Of course, my brother’s savings at the time could not sustain a monthly cable TV bill, but I will report here that my mother still has cable TV at her home nearly six years since her husband, my father, passed away and nearly three decades after my younger brother ordered it.  These days, my brother does very well for himself and his family financially.  He could pay for a hundred years of cable and barely miss the funds.

Once on my own and in an apartment, my wife of nearly twenty-two years who was my fiancé when we moved in together, ordered cable TV for our apartment in Rogers Park.

I was a P.O. at the time, as detailed in my eBook by the same name.  Now, I had more than one cable TV installer on my caseload at the time, so I was well aware of their low pay and the side deals that they would be amenable to cutting.  A few words here and there could gain you premium cable channels that I do not even have today.

For those of you who have never heard of this, let me be the first to tell you it is called “The Cable Man Special.” 

As I was chatting with the installer at our first apartment, I asked him out of my fiancĂ©’s earshot if there were any special deals going on for movie channels like HBO or Showtime.  Probably making little more than minimum wage at the time, the installer quickly caught my drift and said that he could add those two channels, plus a few more that I have long forgotten, without adding it onto my monthly bill.  His words were something along the lines of, “yeah, we’re offering them for free for the first two months but I’ll write it up so you don't get charged for them after the intro's done.”

I had about sixty dollars in cash in my pockets at this time, and quickly considered giving it all to him or if I could keep a twenty for myself.  I know that giving him a twenty in the early nineties for HBO, Showtime, Cinemax and other channels was too cheap.  I was not yet a mensch, but working towards my menschdom at the time.  One of my buddies had suggested tipping the guy forty or fifty if he helped me out.

Now you may frown upon this minor economic transaction completed in front of a ratty apartment building on Lunt Avenue in West Rogers Park twenty-four years ago, but what I did was hand the guy two of my three twenties and told him to have a nice dinner out on me.

My fiancé and I enjoyed the premium movie channels that year.

We moved from a one-bedroom apartment to a two-bedroom apartment in the same apartment complex the next year, which wound up being a huge mistake despite the additional space.  Even though we had many great times in that apartment and were even married in June of that year, the intense nightly drama and noise in both the apartments below and above us made it a place that both of us could not wait to get out of.  The roach infestation that was not present in the one bedroom unit also made it suck.
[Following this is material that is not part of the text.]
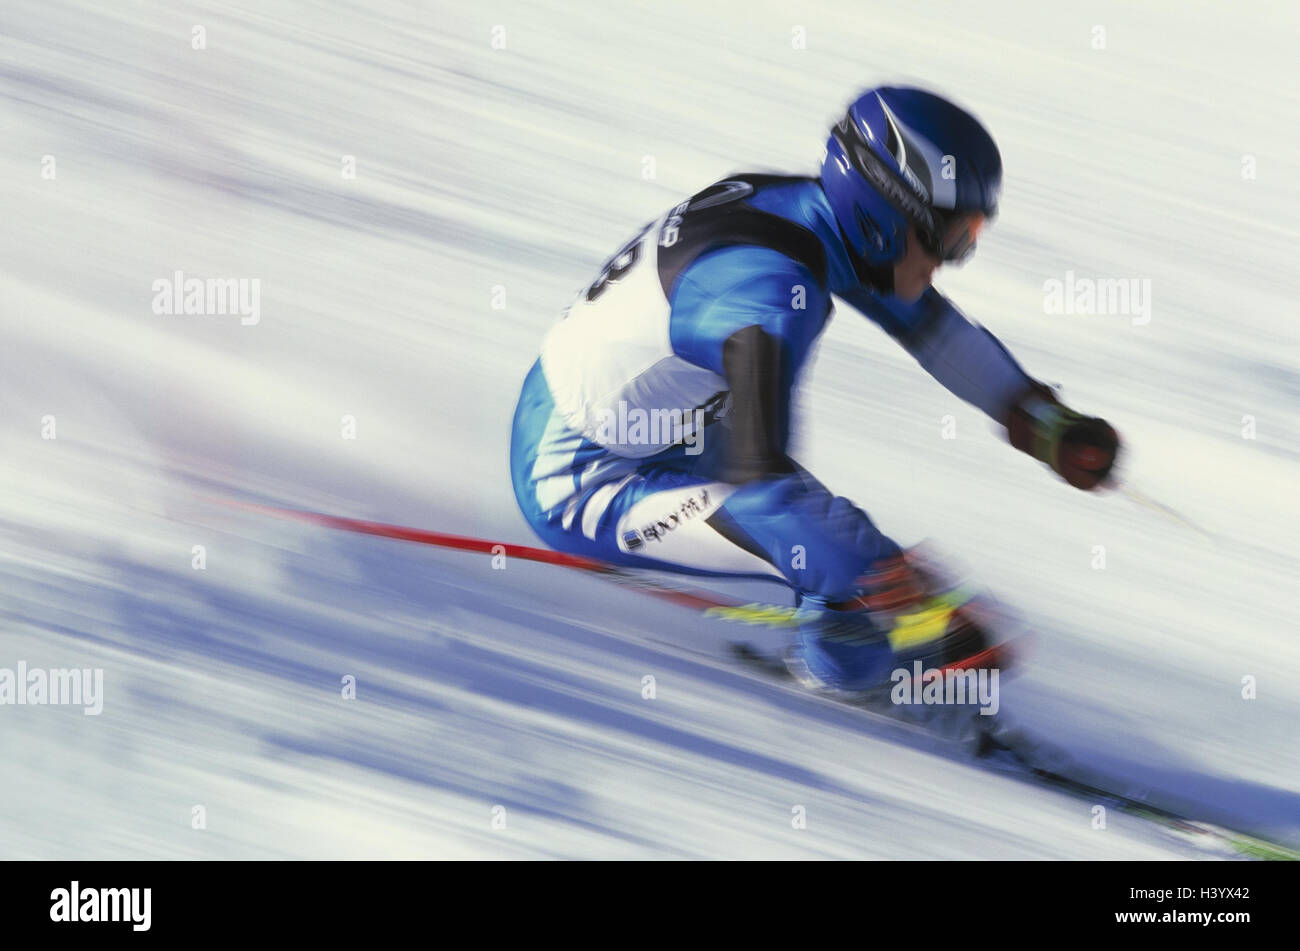 Ski racer, helped to pull, blur skiing, downhill race, giant slalom, gigantic goal foliage, downhill skiing, ski race, race, event, racing driver, skier, skiing, alpine sport, sport, leisure time, hobby, activity, speed, dynamics, motion, tempo, ski equip Stock Photo

We moved to a much bigger apartment our third year of living together, albeit in a ghetto neighborhood east of Ridge Avenue in East Rogers Park.  It was at that apartment that I witnessed the only two shootings that I have witnessed to date, one of the drive-by variety right on our corner and the other a run-by that woke me up to the view of two Hispanic teens running down the street in a crouch with assault rifles after shooting up a building about four doors down from ours.
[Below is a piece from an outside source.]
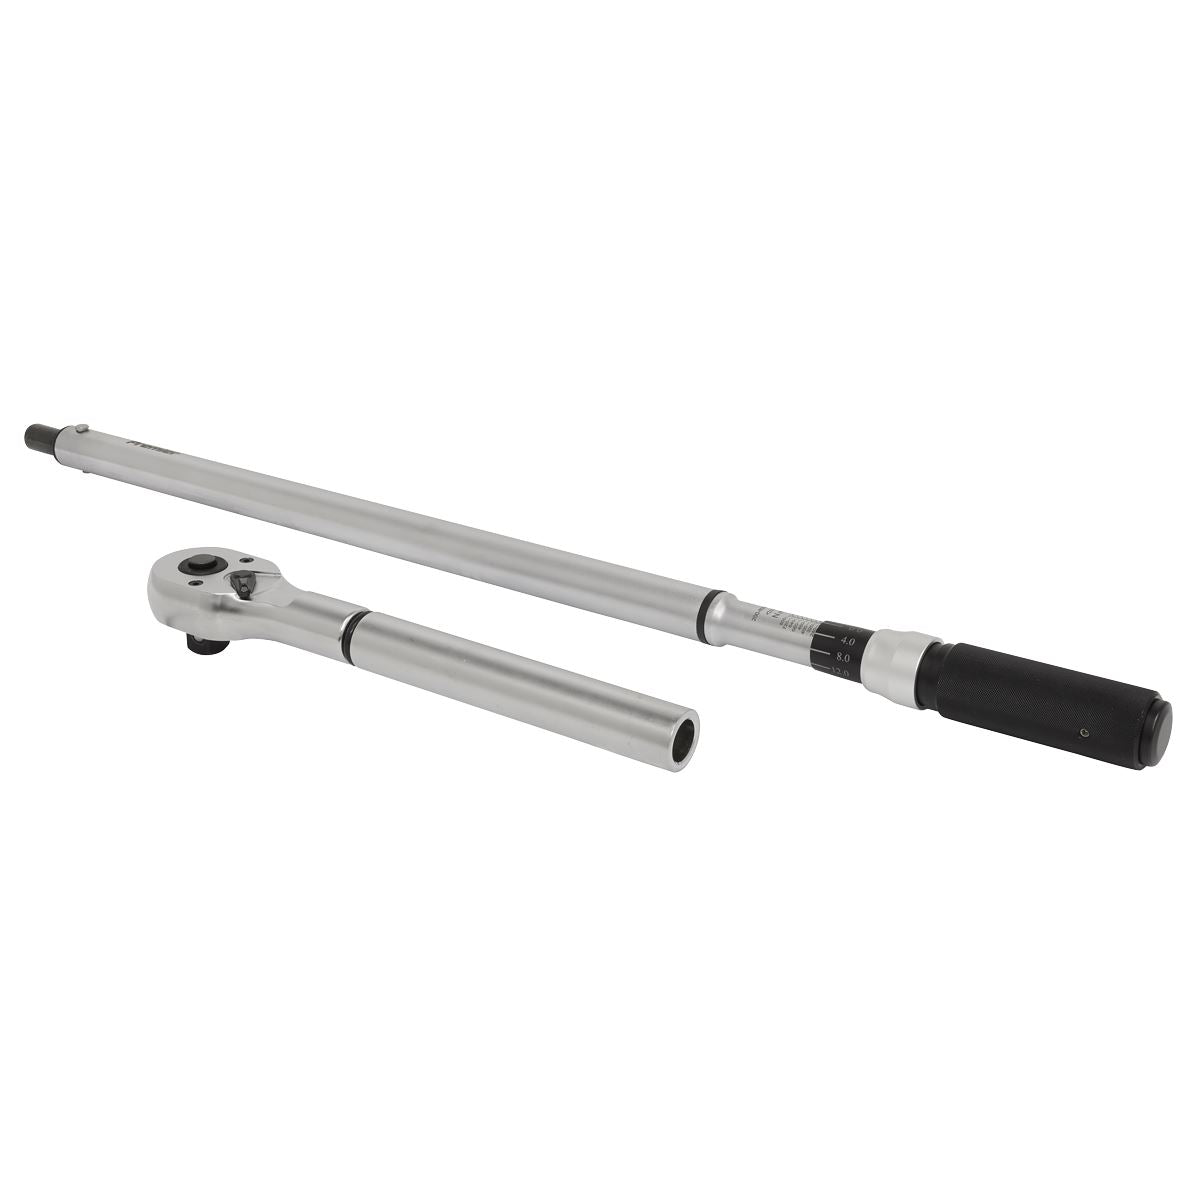 Sealey Premier Torque Wrench Micrometer Style 3/4"Sq Drive 160-800Nm - Calibrated

I also witnessed more drug dealing on the corner where we lived than you could imagine.  Like many people today, I feared retaliation  thus did not call the cops.  But I did inform one of my friends who was with the twenty-fourth precinct at the time, and he did report it to his desk sergeant and had some patrol officers keep an eye on things every now and then.  The corner is probably much the same today: the intersection of Wolcott and Estes, just a block west of Clark Street.

During the drive-by shooting late on a Saturday night, my wife and I were in the living room at the corner of the house that we were renting in, watching cable TV.


After three years of renting crappy apartments in Rogers Park, my wife and I became “homeowners,” “purchasing” a condominium unit in Evanston around her birthday and just a few months after she informed me that she was expecting our now nearly twenty-year-old son.  I was twenty-seven years old at the time and working my way through graduate school after work.

I knew that I could not have a wife and baby at home where there was a fairly decent chance that a stray bullet would come flying through our window.  Also, all my twenty-something P.O. buddies were purchasing condos or houses at that time, now that they had so-called “real jobs.”  One more strike against that block was that I personally had two people on my caseload at the time, one of whom had more than one prior murder conviction.  I never did see them around the neighborhood, but took little comfort knowing that these two scumbags lived on the same block that we did.  I was frightened of running into them while walking down the block and the problems that could cause.  I’m certain there were other criminals on the block, but I did not know who they were.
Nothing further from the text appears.